Brux, it’s clear, at the very least, that you suffer from the disease of rabid Islamophobia and national chauvinism, which prevent you from piecing together a structural analysis of the situation, which means you are also a mere plaything of the political establishment and the “truths” (lies) it disseminates (with the help of the media that you don’t want FAIR to deviate from, no less). Your chauvinist mindset will be capable only of interpreting events through the narrow and worthless lens of “Islam is the problem” until you purge yourself of these debilitating illnesses. Please note: these ailment are not useful, funny or relevant to serious people who want to know the truth. But they’re VERY useful to thugs, bullies and liars who view Syrian children as sub-humans and Yemenis as disposable garbage that can be bombed and terrorized at will.

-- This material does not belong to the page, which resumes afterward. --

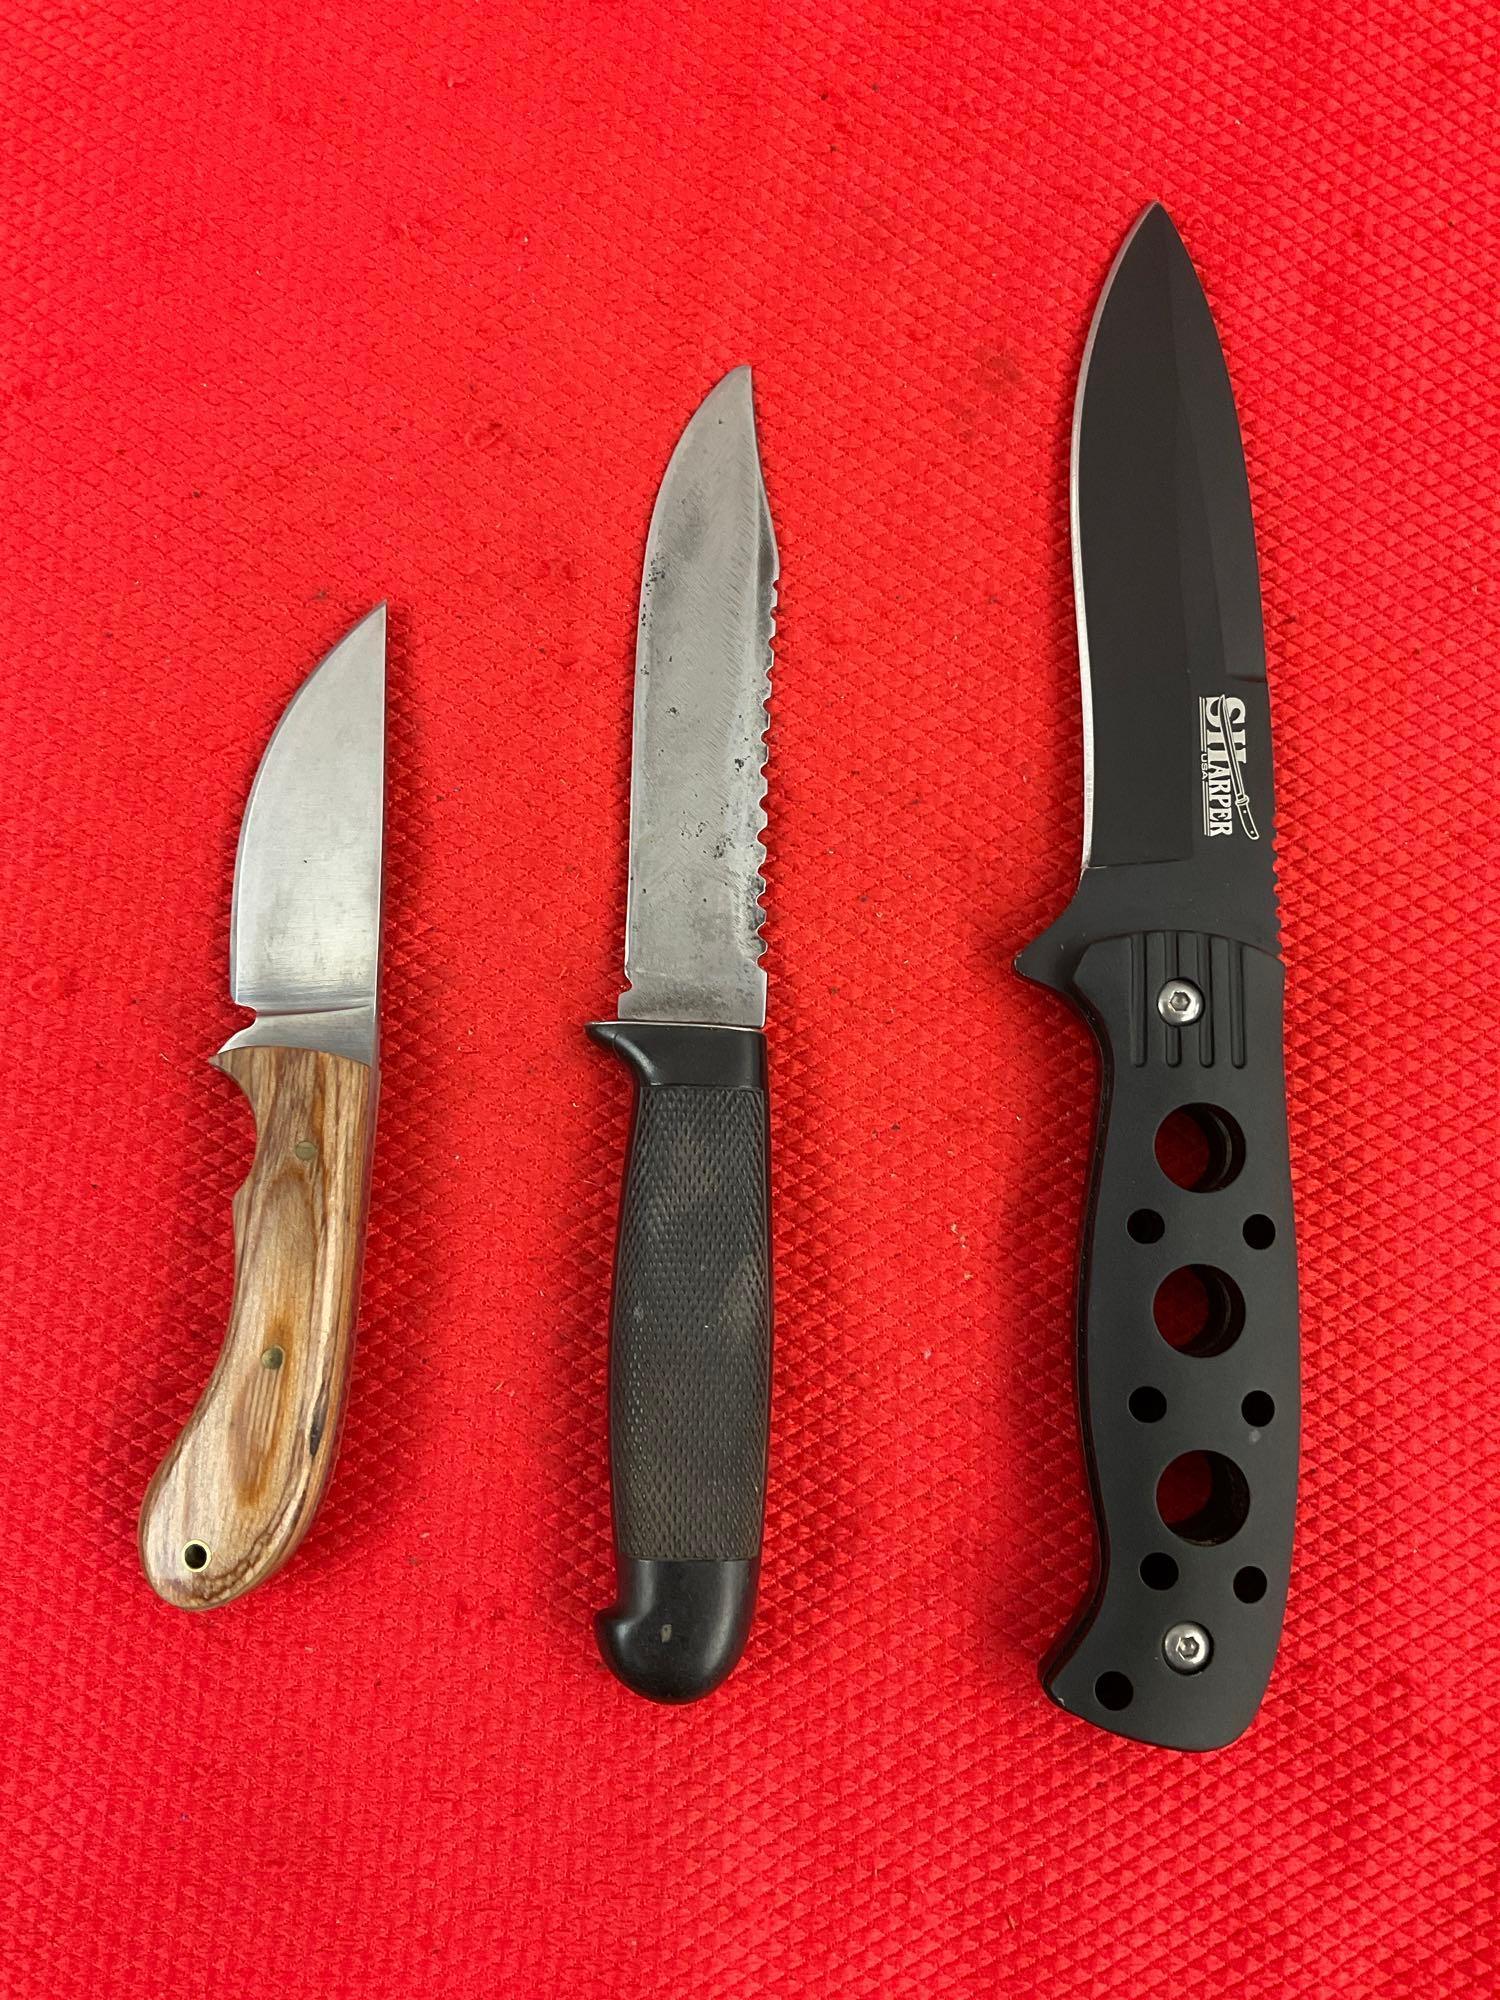 3 pcs Steel Fixed Blade Hunting Knives w/ Sheathes. 1x Sharper USA, 2x Unmarked. See pics.

I ask: is there any reaching you? I suspect not, but I live in hope.
Face the nation (a/k/a “fool the nation”) is, coincidentally hosted by son of the business partner of person involved in 1970’s Koreagate Scandal (as well as being son of a former 1960’s White House tv correspondence during 1960’s). And given the amount of personal wealth he apparently inherited from his father, the Face The Nation host would seem to have a vested special economic interest of using his corporate media show gatekeeping position to manipulate u.s. public opinion on behalf of the u.s. power elite/national security establishment and/or “the Lobby”, perhaps?